* [EXERCISE GOAL]
Each line below must be set down exactly; omit any image you find.

* [INFORMATION SHOWN]
☆ ☆ ☆ ☆

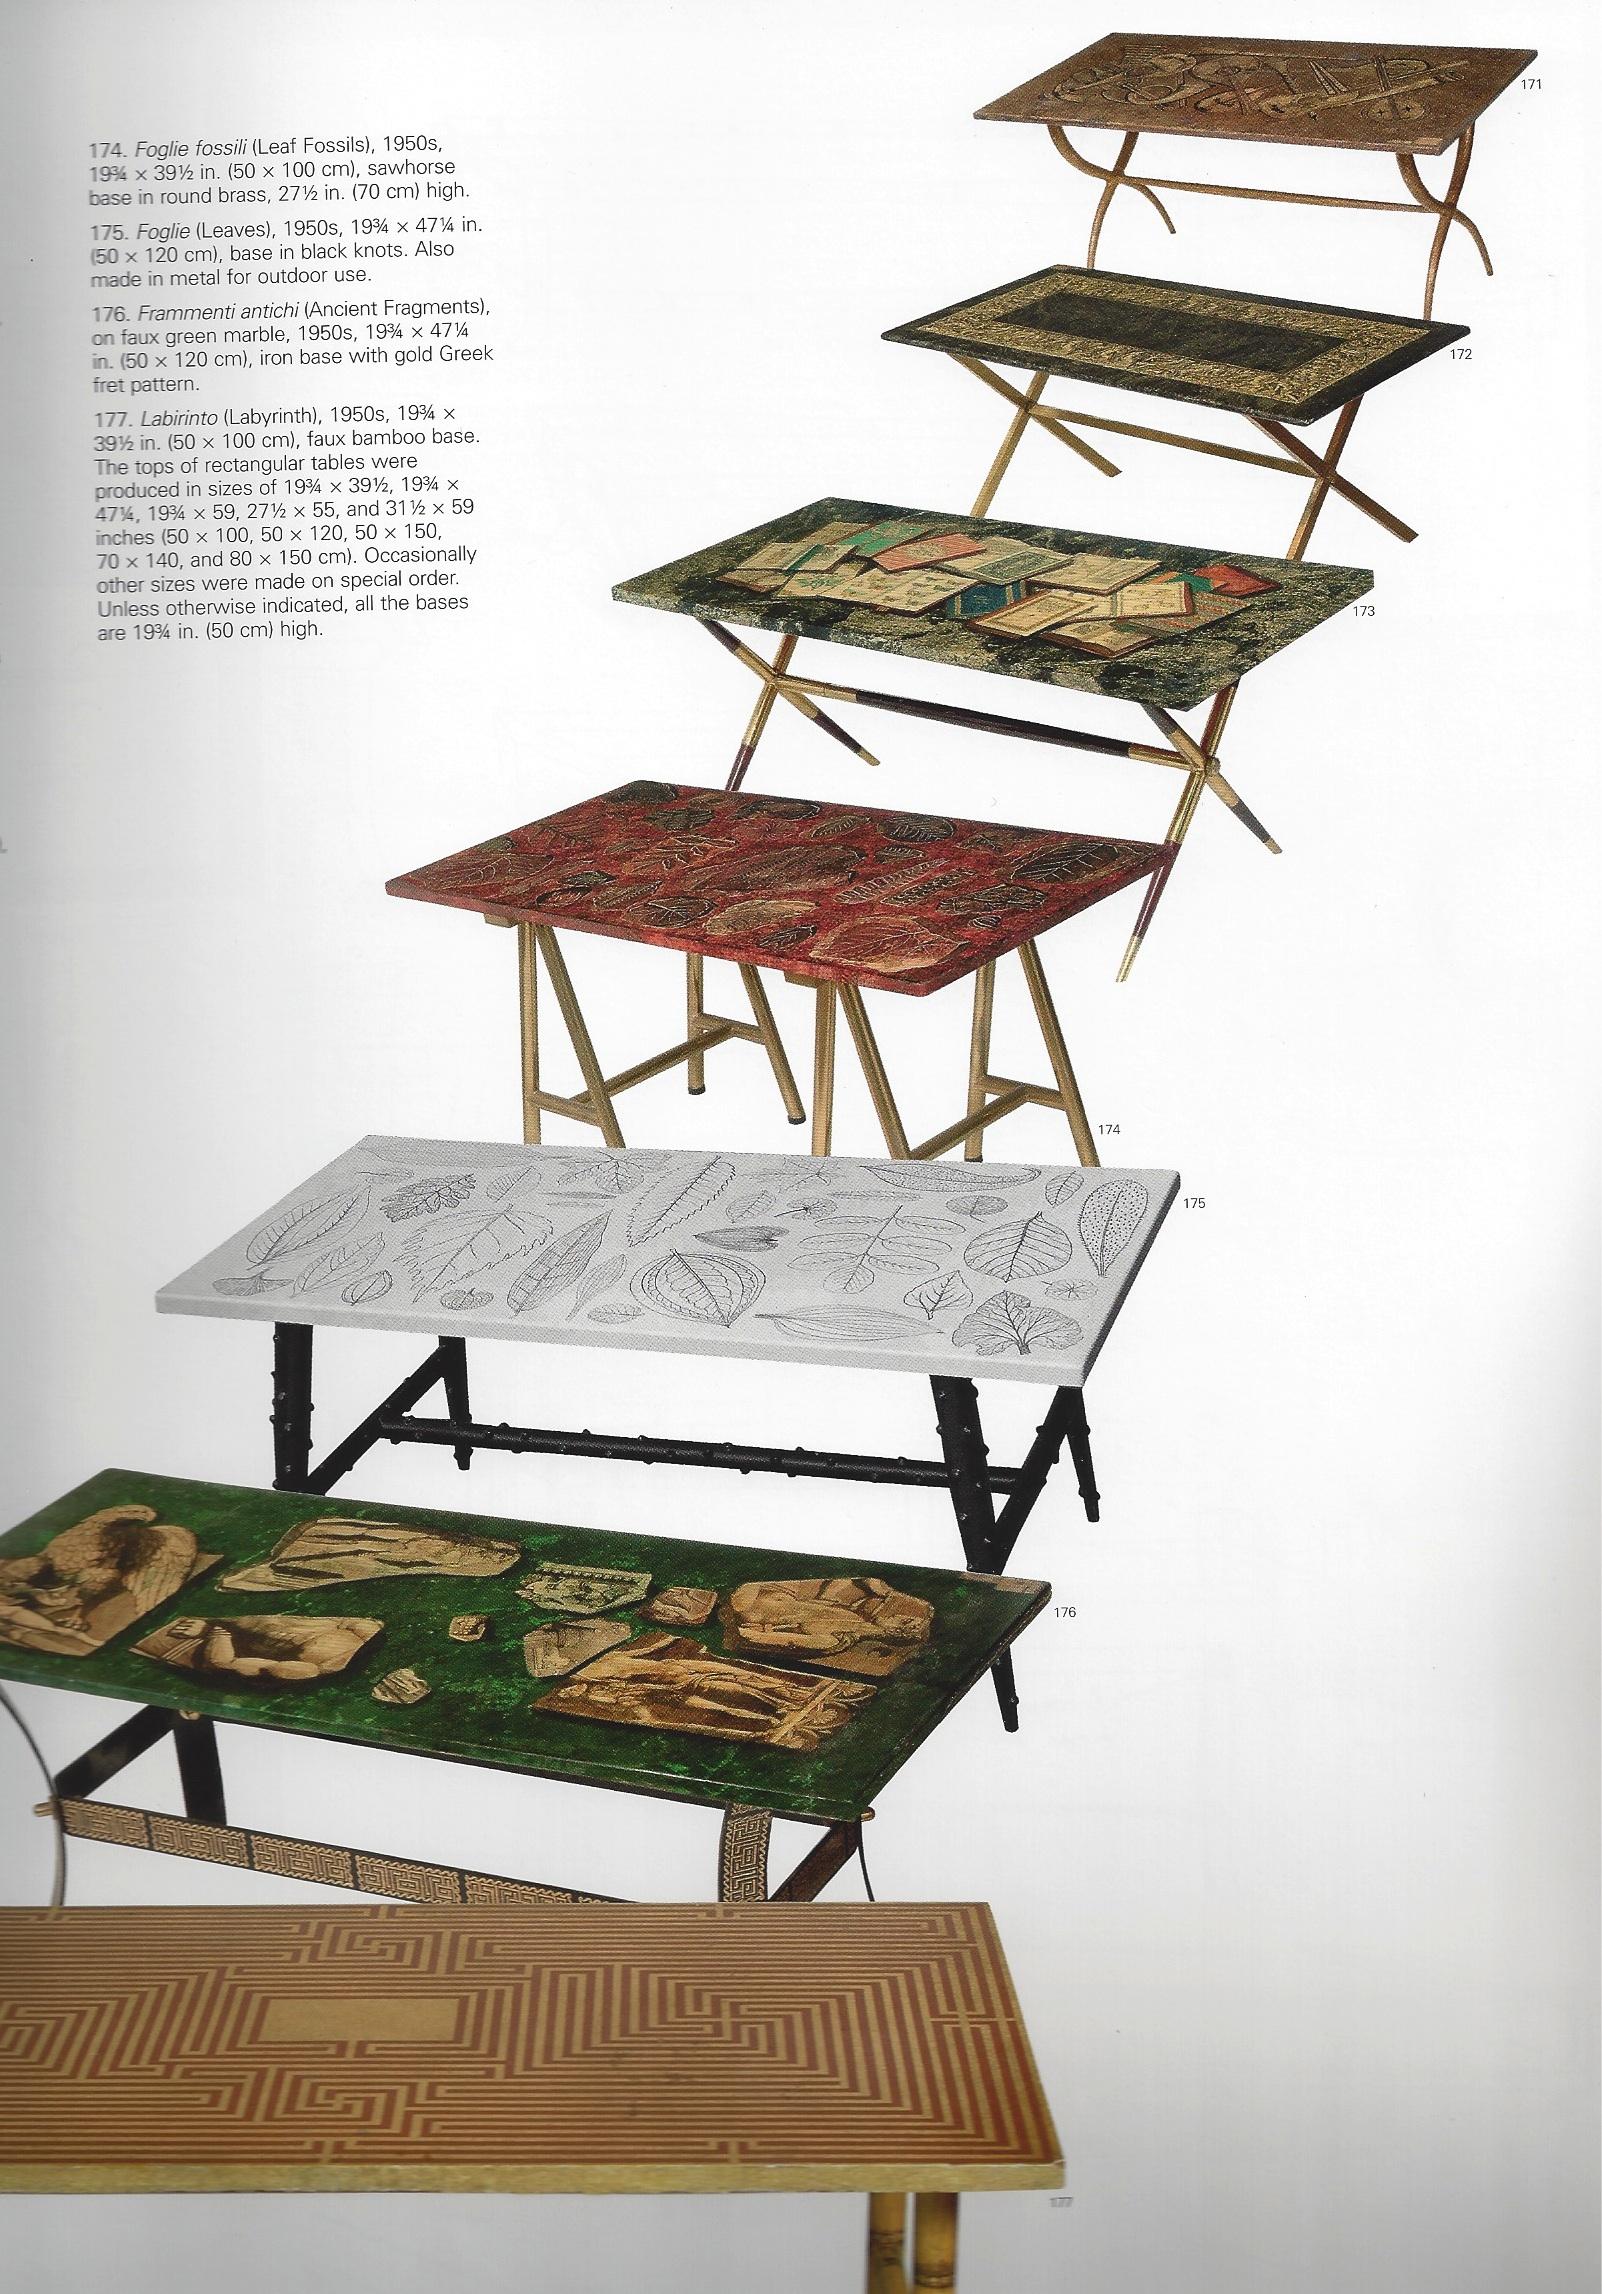 ... Fornasetti Coffee Table ...
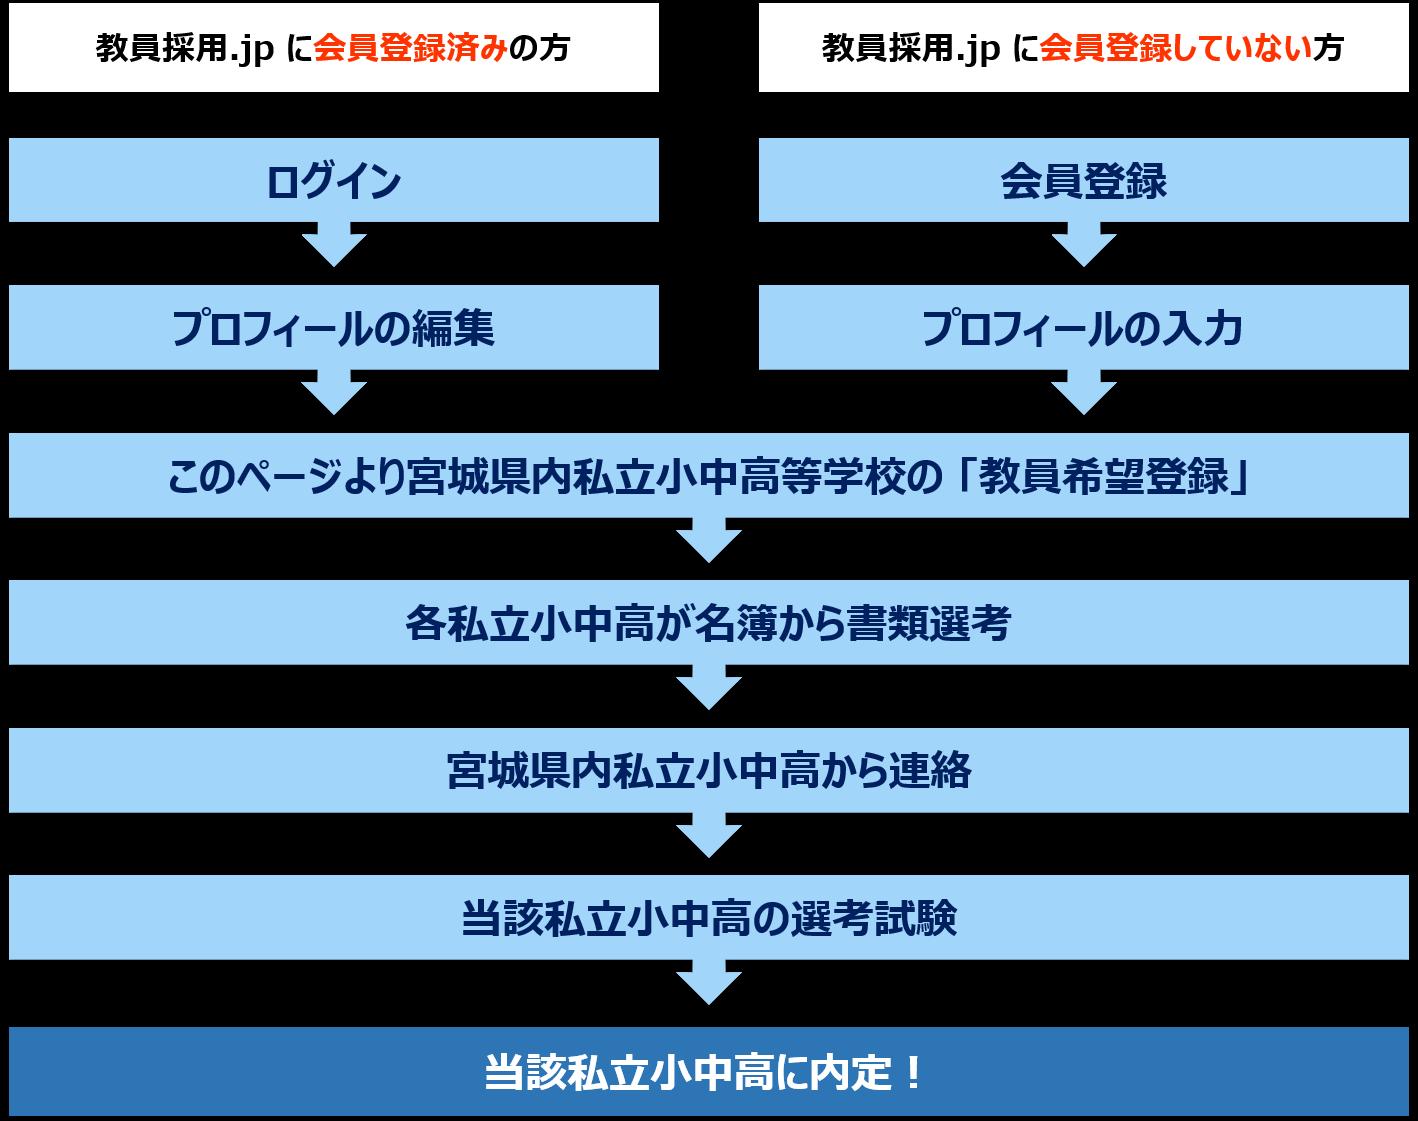 採用 宮城 県庁 宮城県庁の採用情報(初任給/従業員/福利厚生)|リクナビ2022
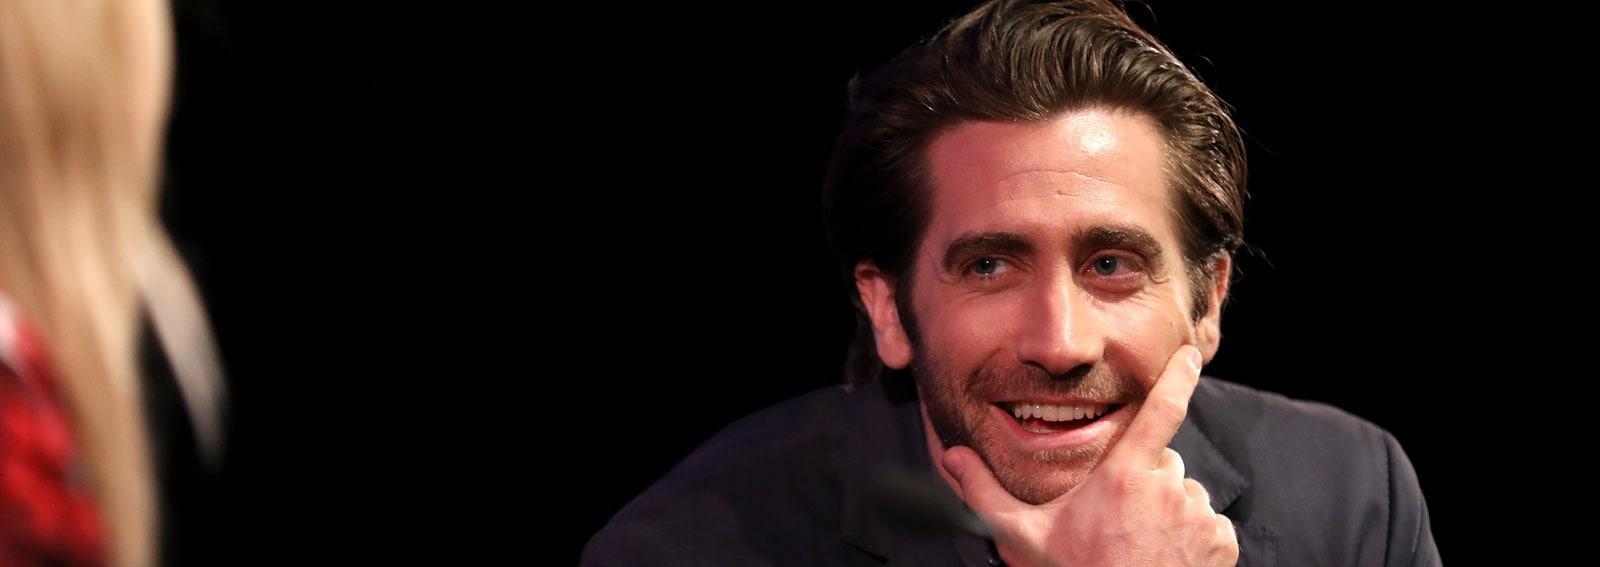 Jake-Gyllenhaal-cover-desktop

☆ ☆ ☆ ☆

* [WORKED SOLUTION]
 ... Fornasetti Coffee Table ...
 採用 宮城 県庁 宮城県庁の採用情報(初任給/従業員/福利厚生)|リクナビ2022
 Jake-Gyllenhaal-cover-desktop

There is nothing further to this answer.